* Supplied material *
[Start of Attachment]

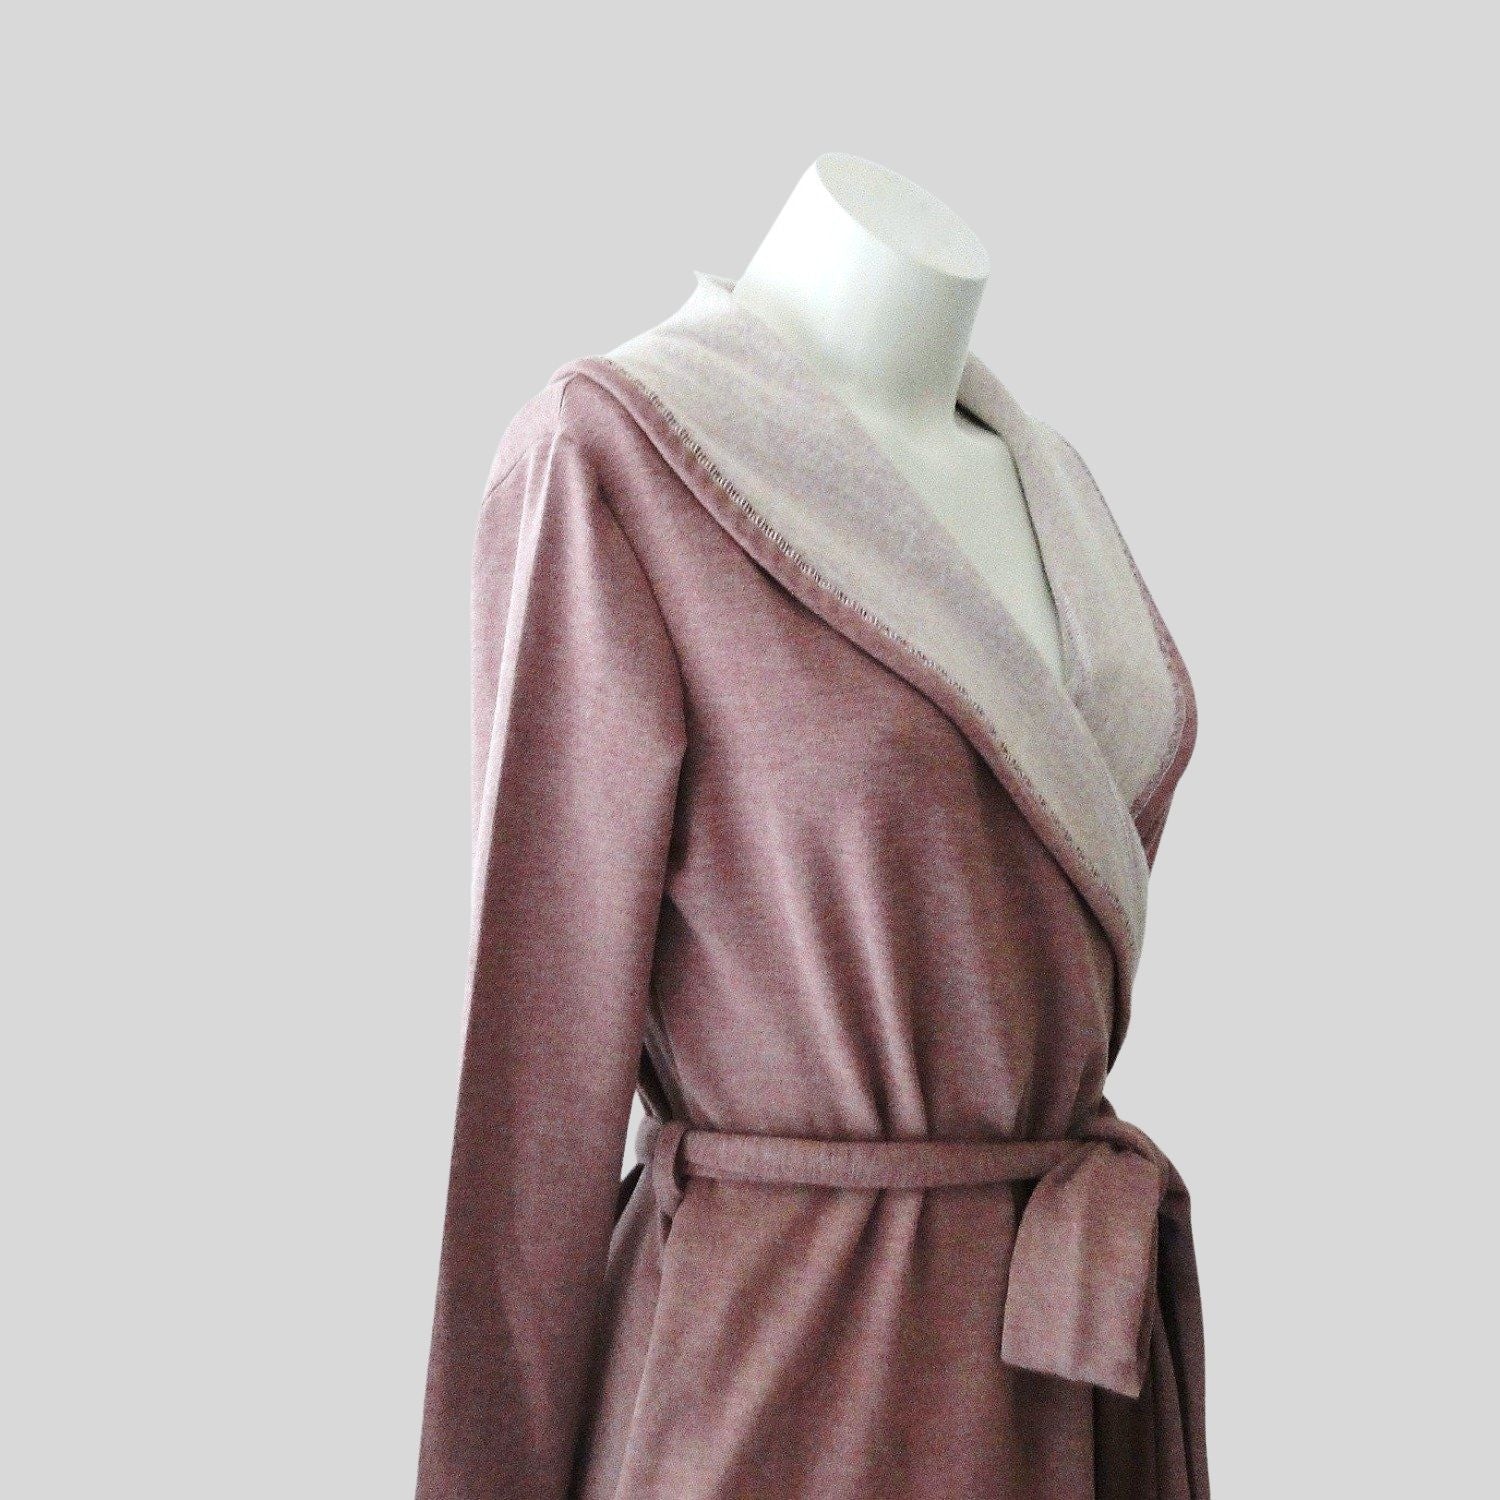 Maxi women's  Organic cotton bathrobe with pockets | Made in Canada sleepwear
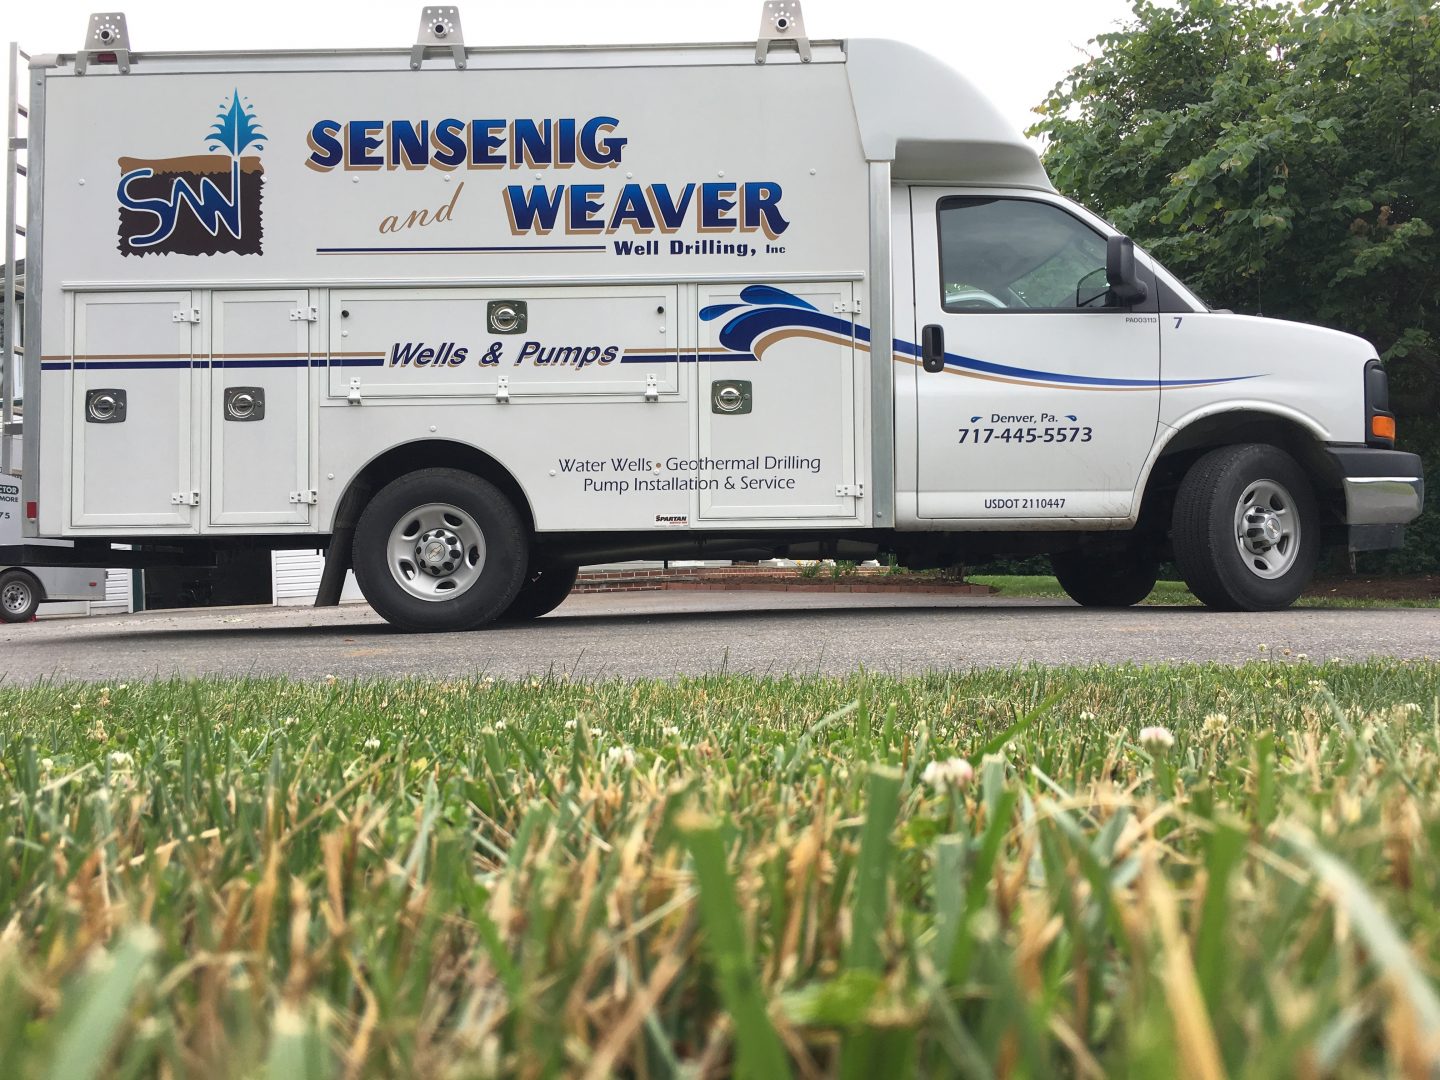 Sensenig and Weaver truck
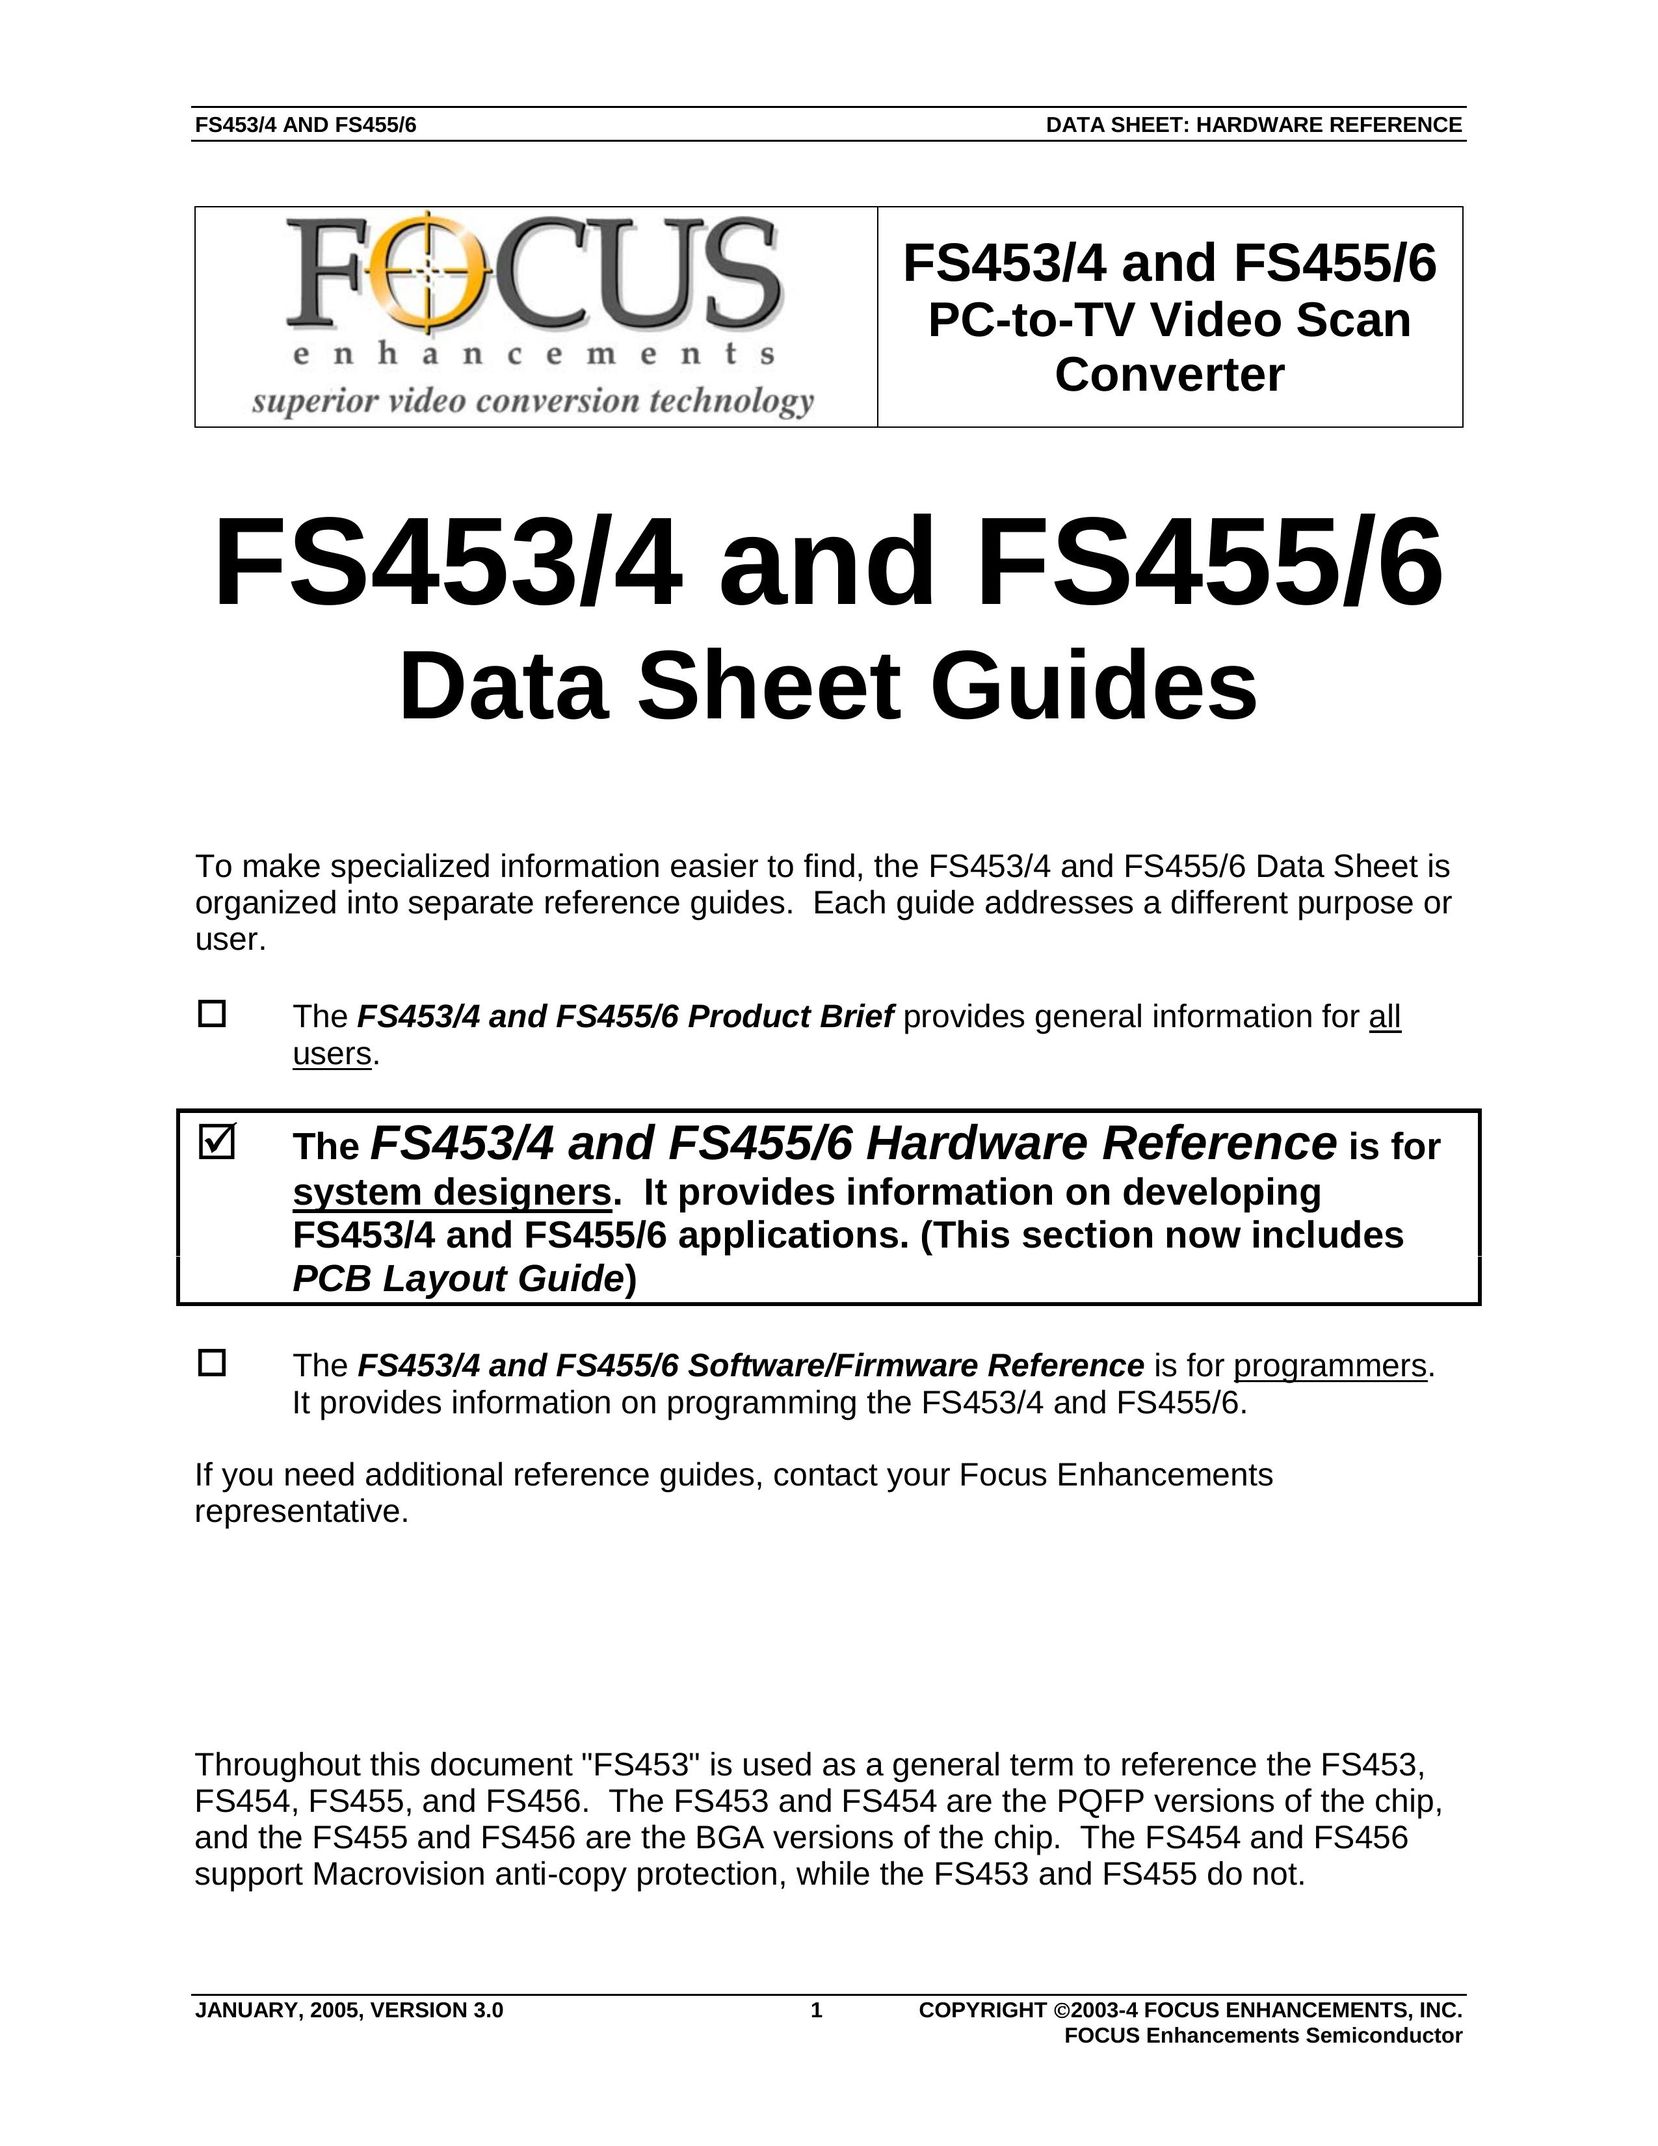 FOCUS Enhancements FS453 Network Router User Manual

[End of Attachment]

* Exercise requirements *
Word for word, write out the whole listing, keeping none of the pictures.

* Solution to the exercise *
 Maxi women's  Organic cotton bathrobe with pockets | Made in Canada sleepwear
 Sensenig and Weaver truck
 FOCUS Enhancements FS453 Network Router User Manual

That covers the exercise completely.